[Start of section]
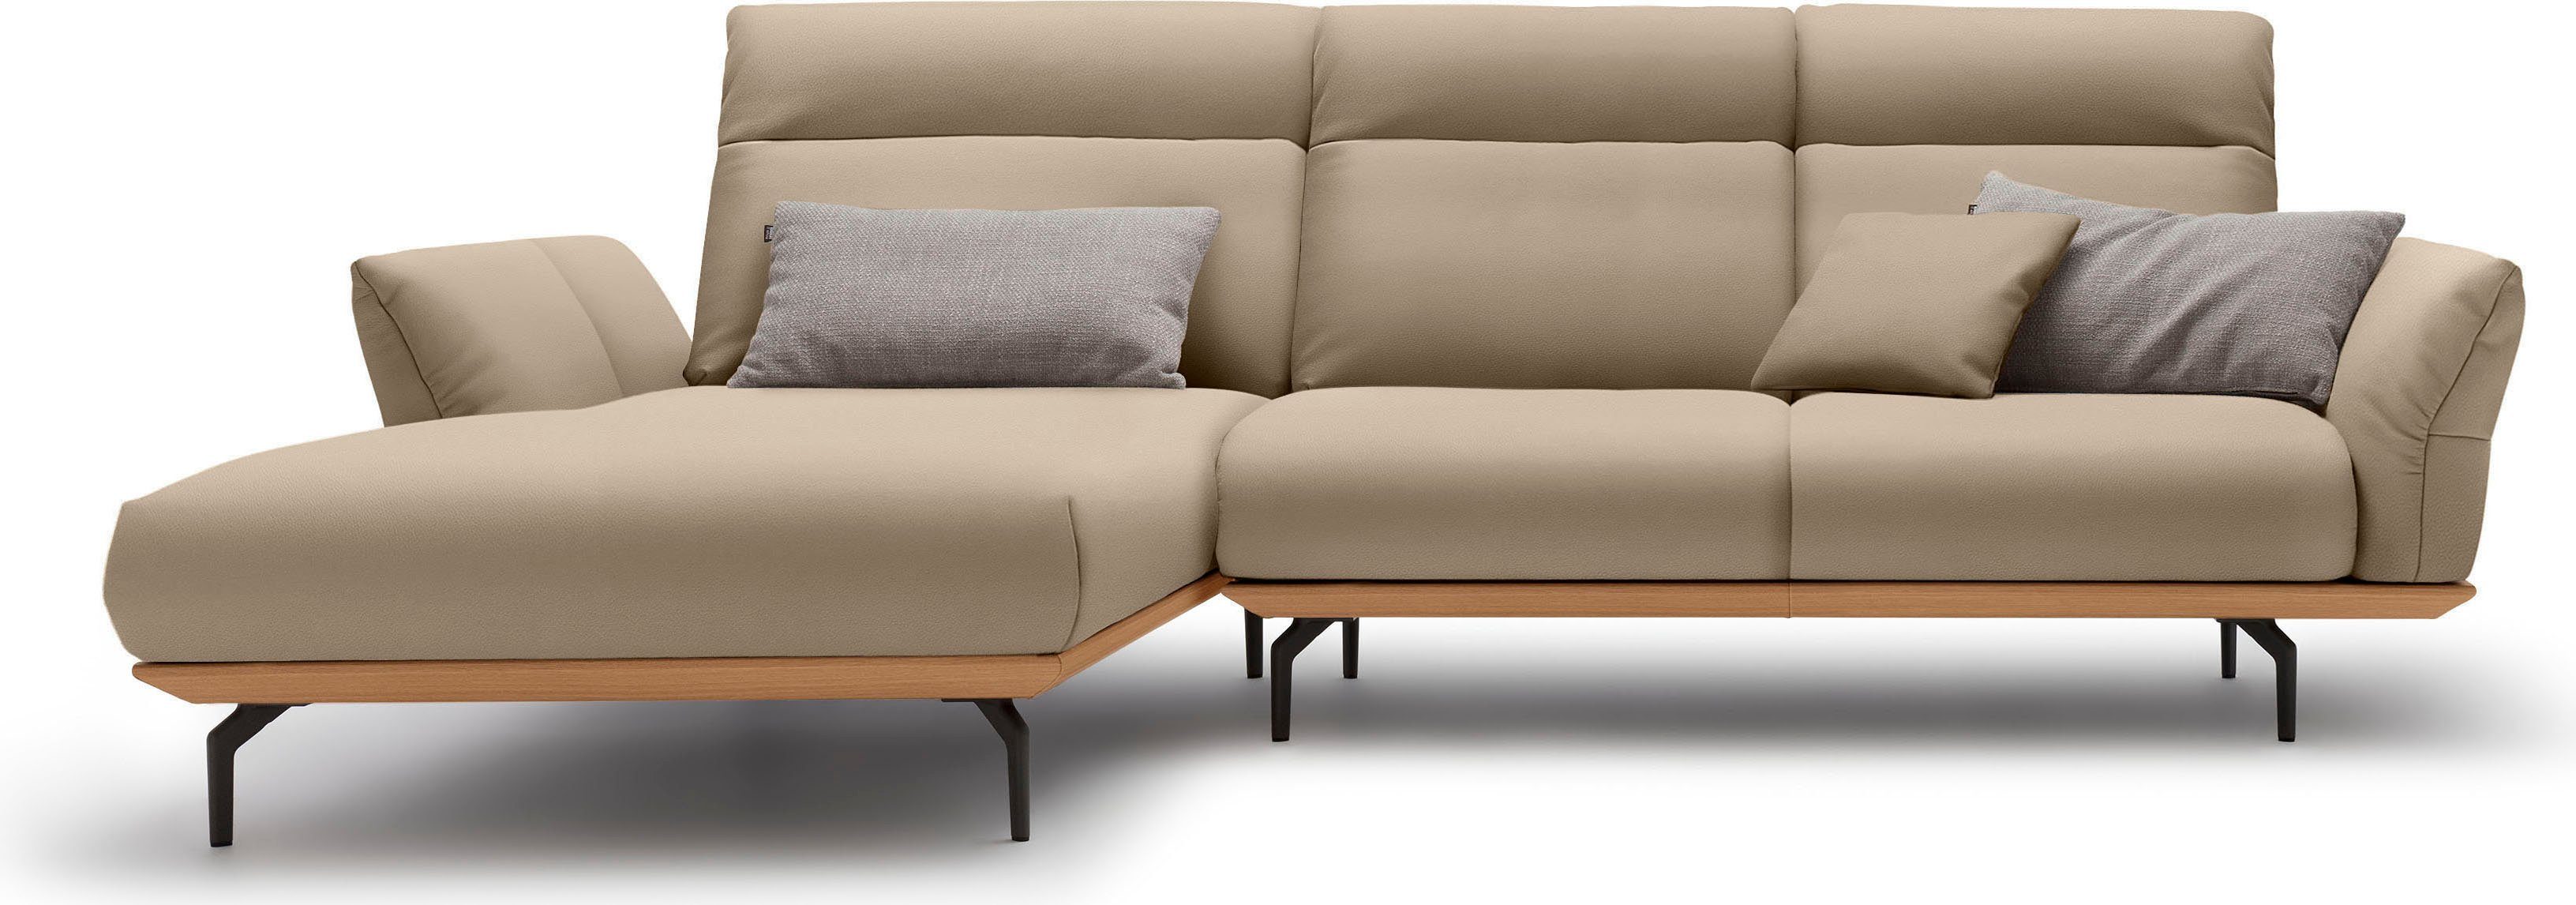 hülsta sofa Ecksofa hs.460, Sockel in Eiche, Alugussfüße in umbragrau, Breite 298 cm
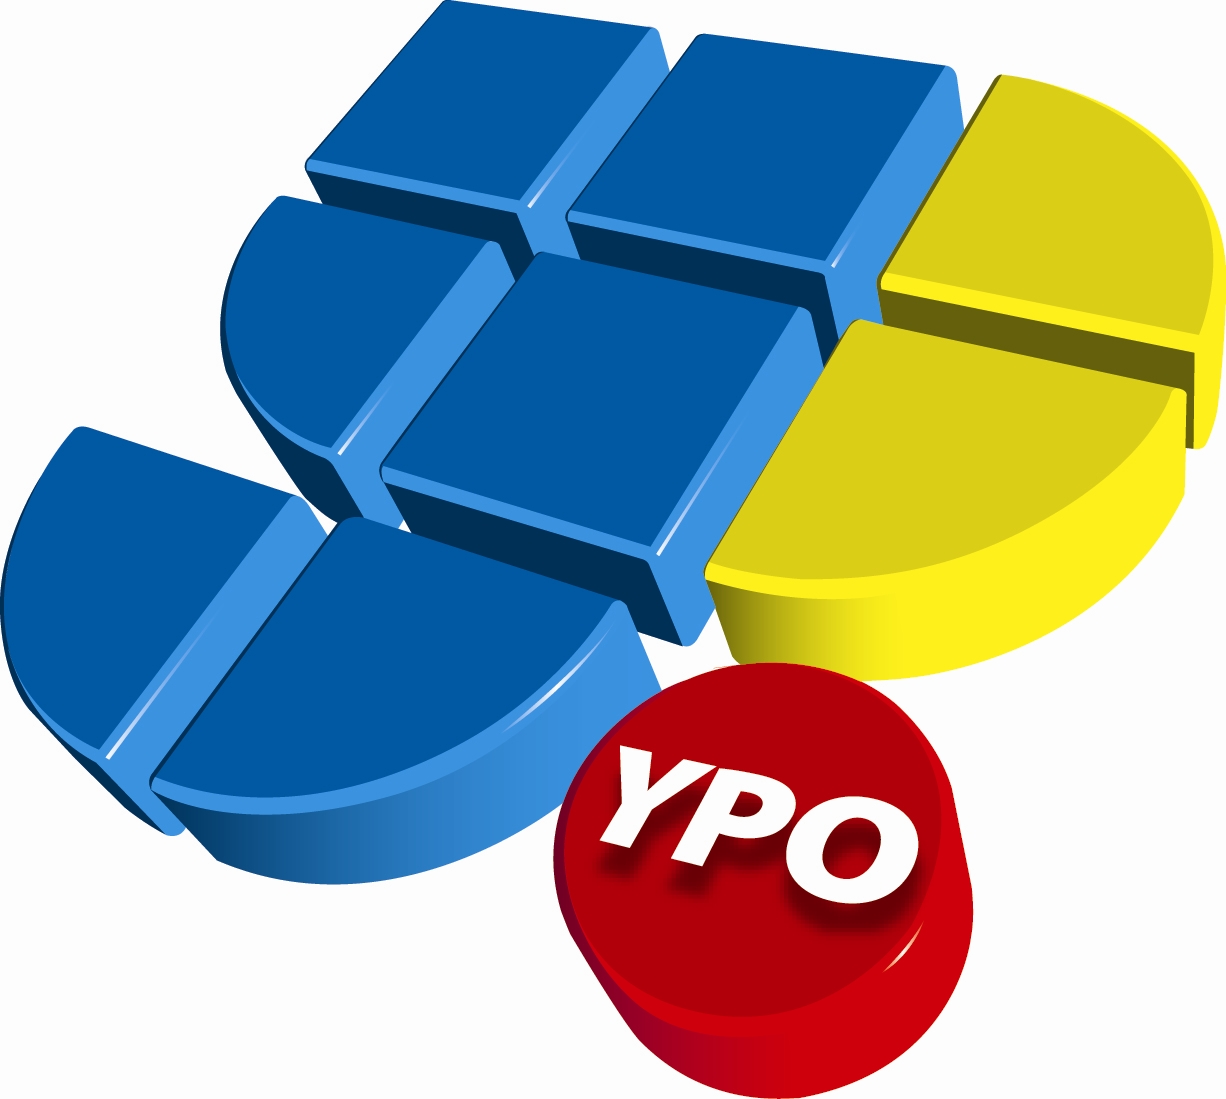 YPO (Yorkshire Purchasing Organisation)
[End of section]
[Start of section]
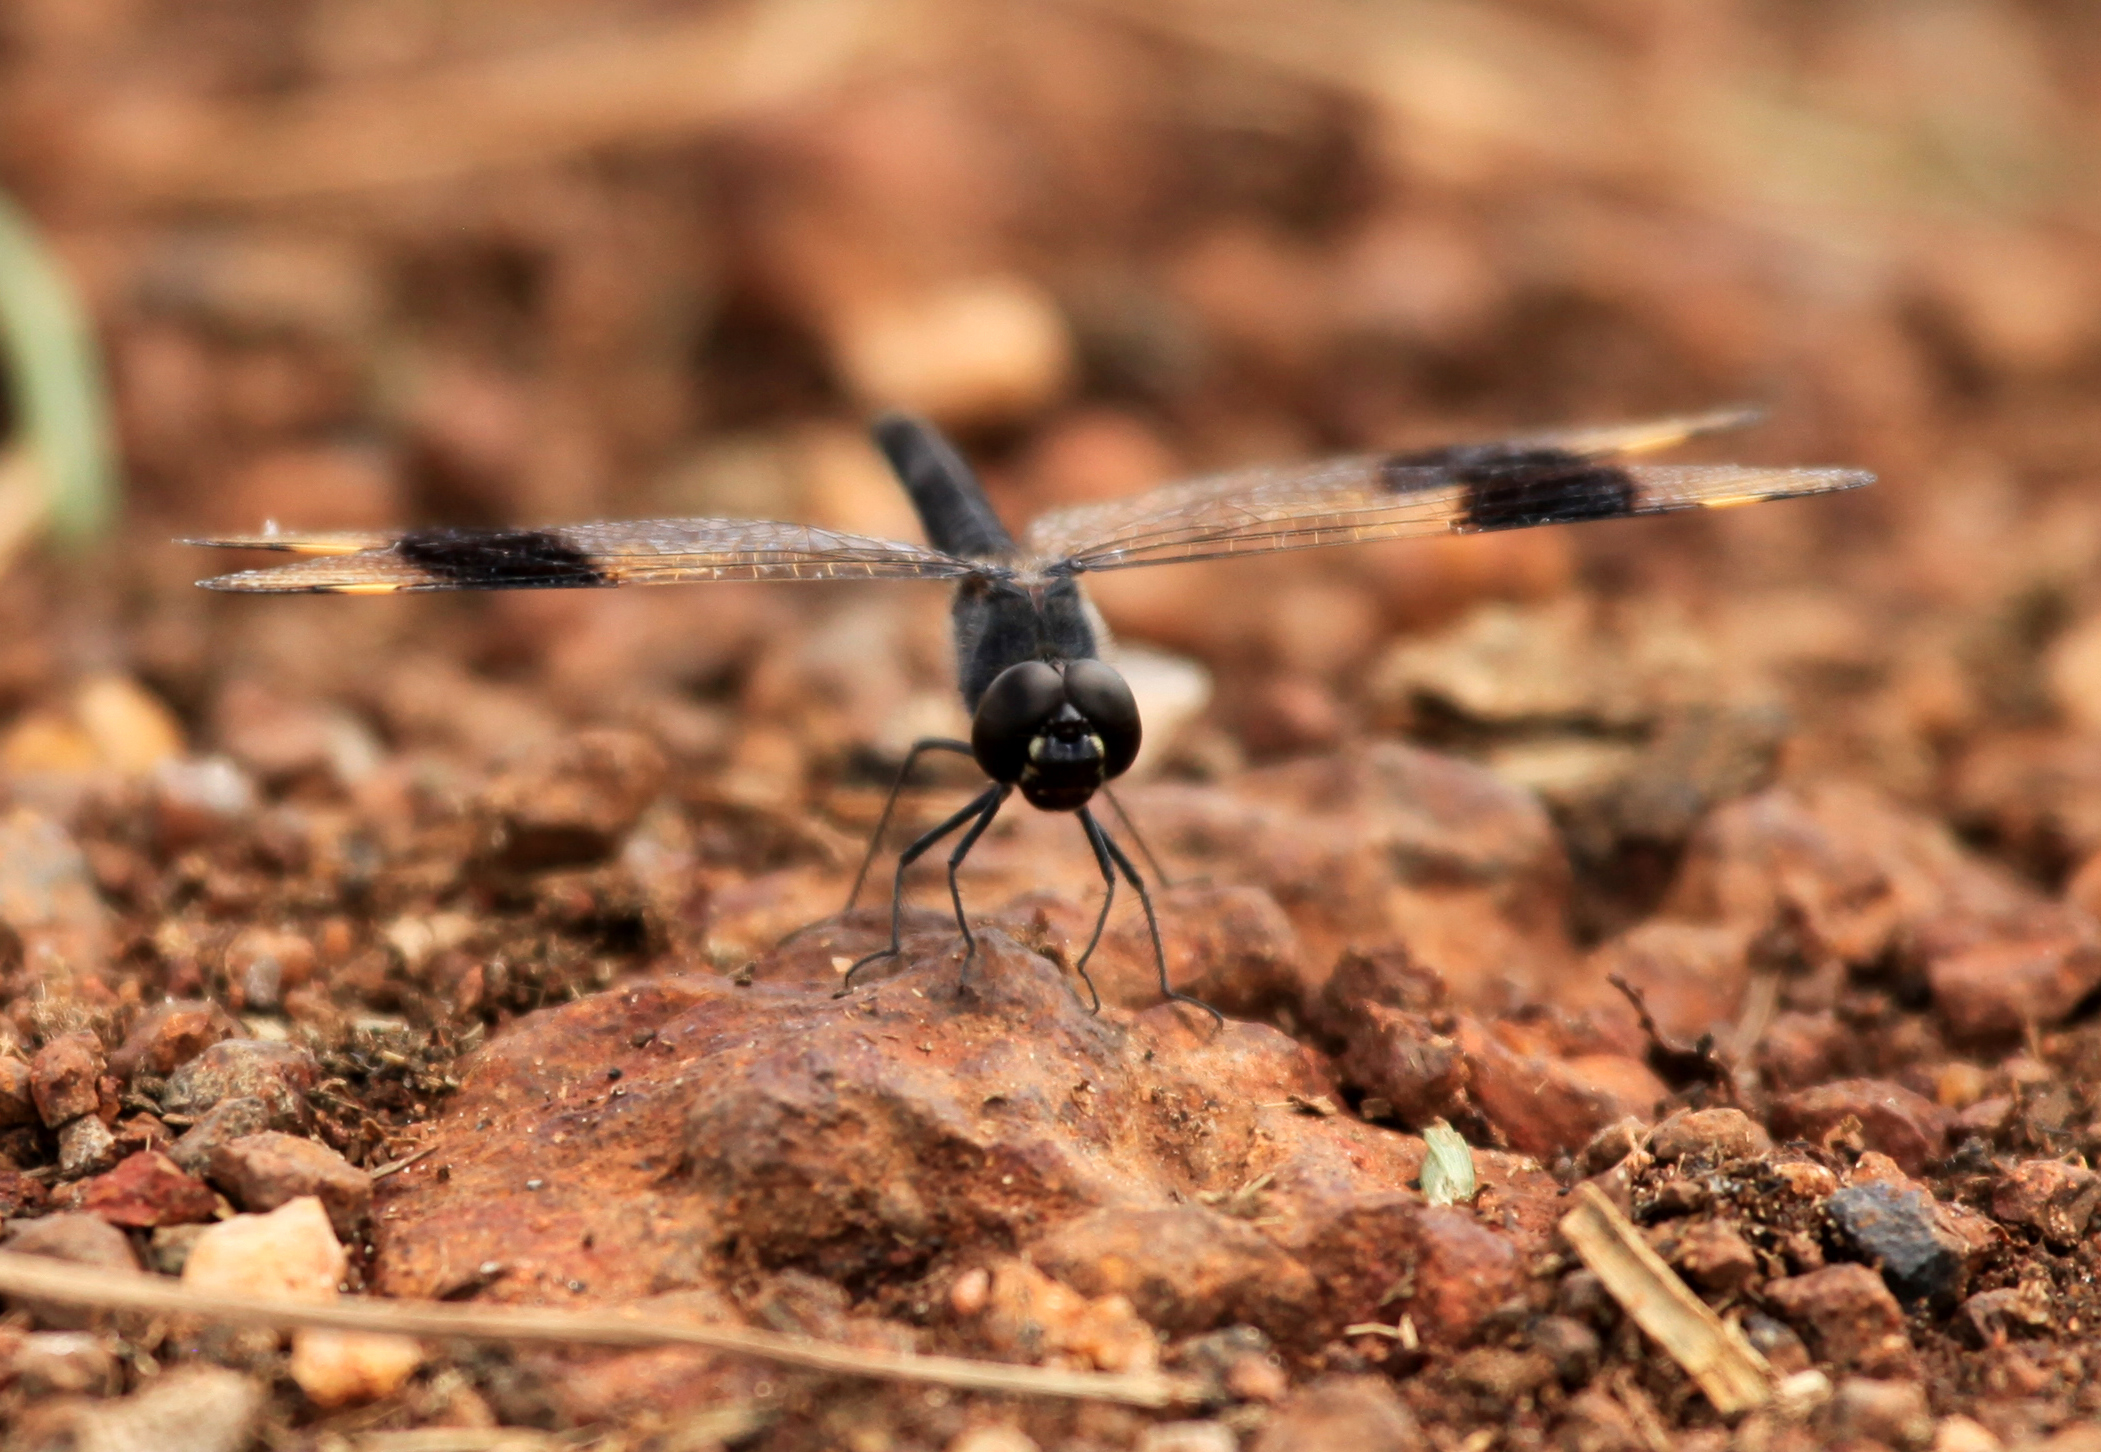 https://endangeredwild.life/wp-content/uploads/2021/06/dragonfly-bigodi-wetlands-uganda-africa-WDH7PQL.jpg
[End of section]
[Start of section]
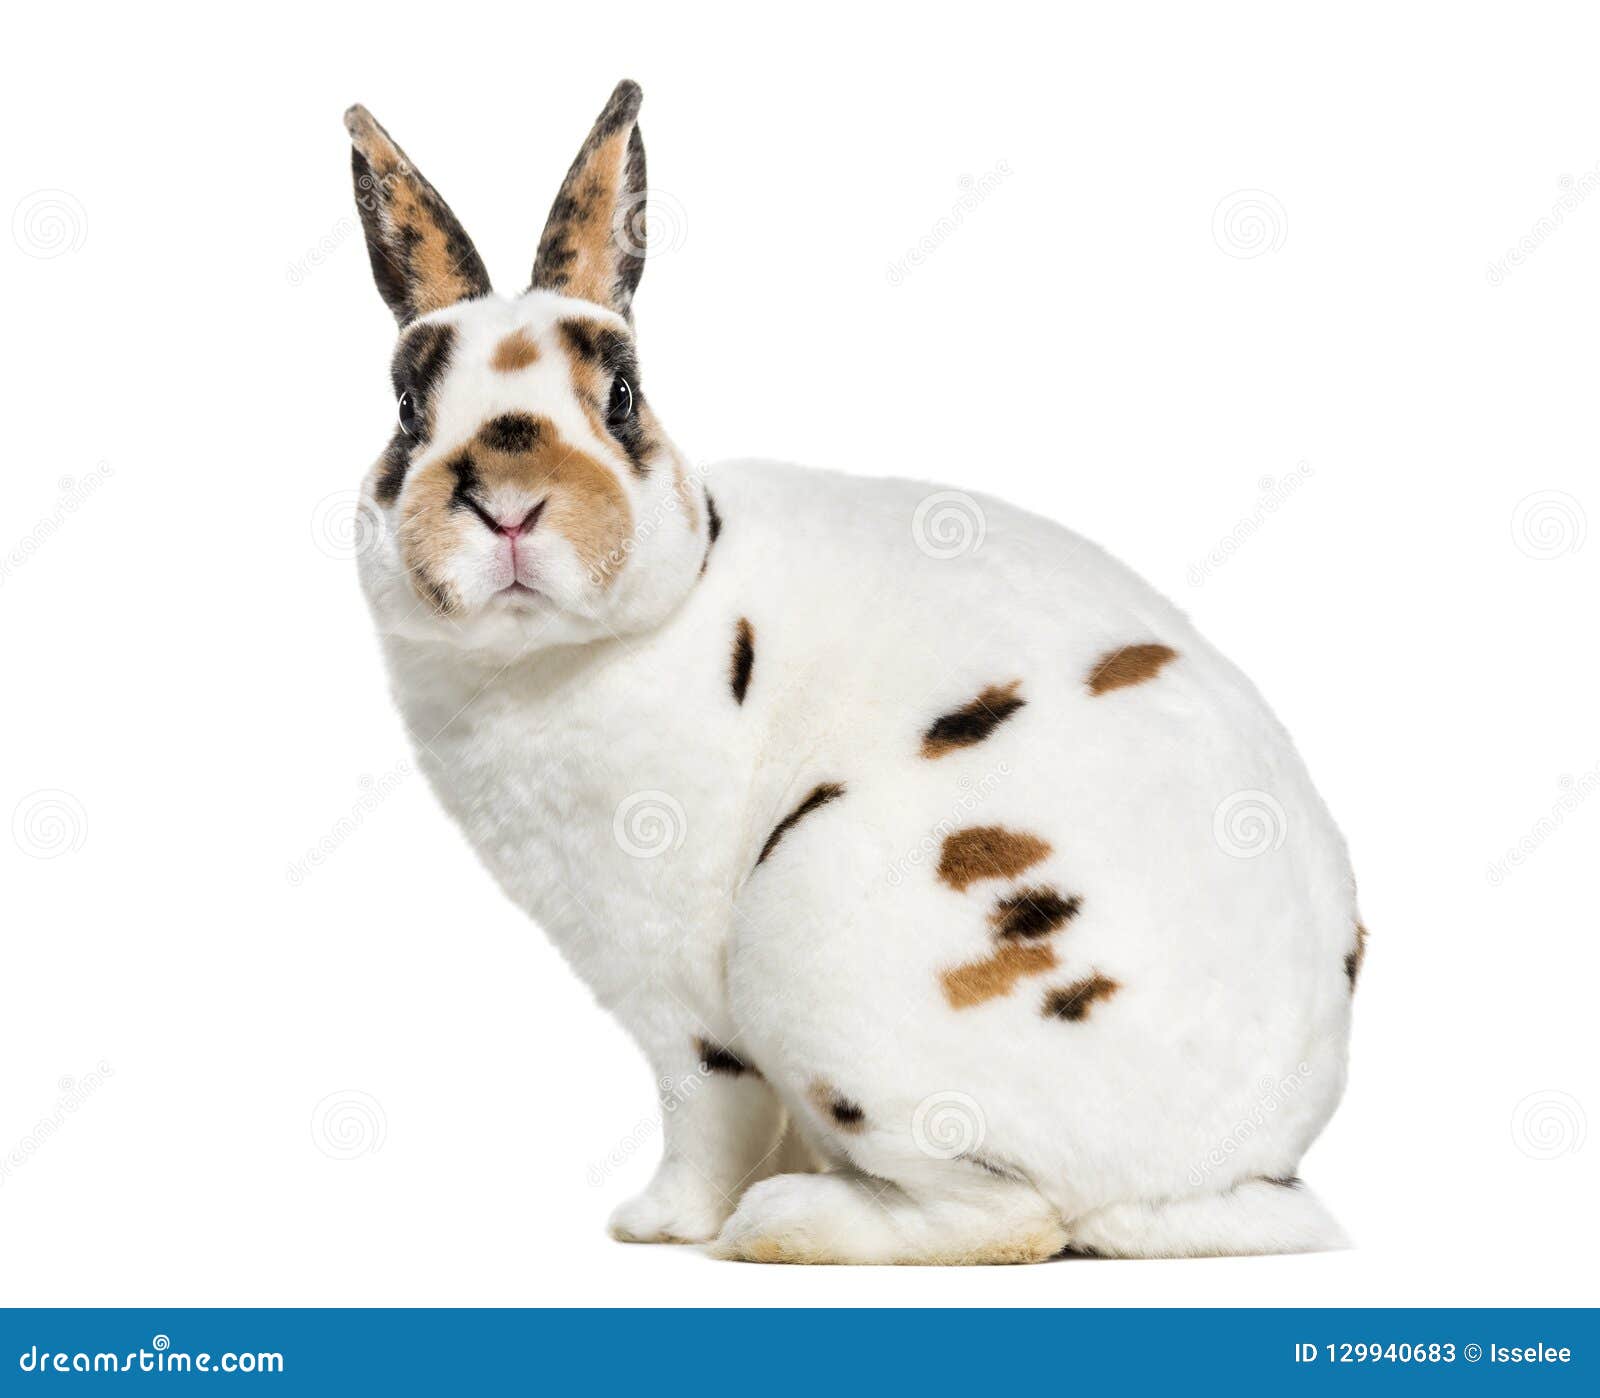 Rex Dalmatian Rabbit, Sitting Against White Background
[End of section]
## What you have to do
Reproduce exactly the lines above starting at the line containing "hülsta sofa Ecksofa" and ending at the line containing "YPO (Yorkshire Purchasing Organisation)", including both, but not the pictures.

## Solved problem
 hülsta sofa Ecksofa hs.460, Sockel in Eiche, Alugussfüße in umbragrau, Breite 298 cm
 YPO (Yorkshire Purchasing Organisation)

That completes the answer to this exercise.